13:54 And then the last thing. So we’re using Facebook’s profit model for the time series forecast. And if you kind of read up on the get entries on where they’re at with that, there’s likely going to be released in the short-term where you can pass the function, a true/false statement for, “I want you to do Monte-Carlo uncertainty sampling.” It’s an expensive calculation to draw the uncertainty intervals on the graphs at the end. You don’t need the uncertainty intervals at this point. I like to turn it off. I could do it by downloading the source code and just commenting out that section, but then I don’t want it to have to maintain code. And I remember someone earlier in one of the keynote sessions talking about maintaining code not being the most interesting thing. So I’m going to wait for Facebook to roll out the new one where you could simply pass at a false for doing Monte-Carlo simulation. And the important takeaway there is you go from 1.3 hours of runtime to 27 minutes. So that’s where the gains and run times come from. Lastly, Michael from Forester said something about using optimization as a skill set on top of prediction, right? It’s a complementary skill set. That’s where we’re going next. Optimization problems really is the call-out there. And what was it I wanted to say that– saying that he a funny comment this morning. Use math to spend cash, something like that. That’s what we’re going to do there.
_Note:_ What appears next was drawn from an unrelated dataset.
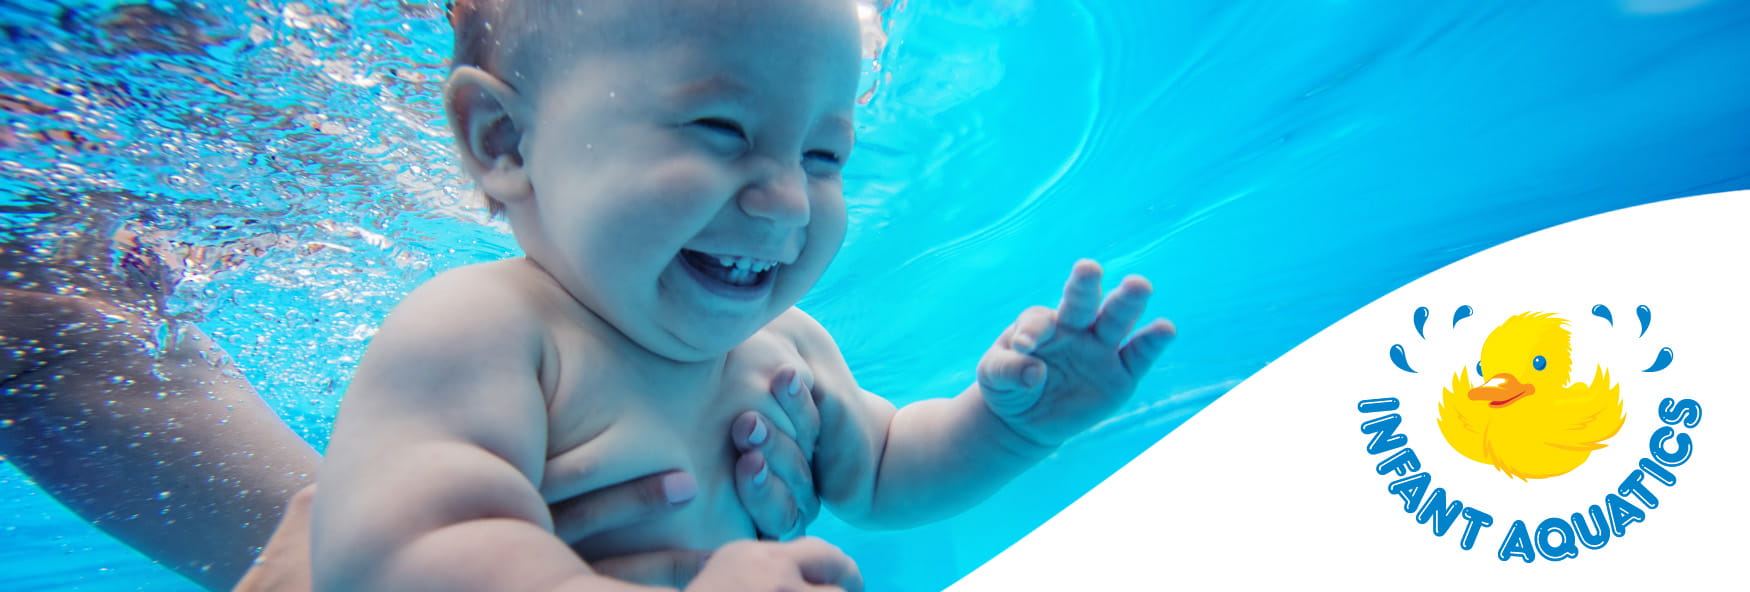 baby smiling underwater

15:25 So I would just want to kind of close on and give some time for some questions on how RapidMiner helped me in all of this. It’s a low-code interface, right? So if you do it right, you don’t necessarily have any code. If you do it the way I did it here, you still get speedy development and speedy testing. Obviously, we’re integrated with the scripting languages. It’s great for orchestrating across systems. We’ve got the server, so we do all the server side. I don’t have to have my laptop tied up for several hours. It’s all done on the server side in parallel execution, right? With the last thing being the event-based hack that I put out there to get my job to start earlier in the day. So that’s how we achieve the goal. Highly accurate, highly scalable demand forecasts with the problem of shared resources are limited. And my peer and partner data scientists are spinning up their own projects and gobbling up all those resources as we speak. So the solution is creative thinking to keep the footprint small. I went faster than I planned, so.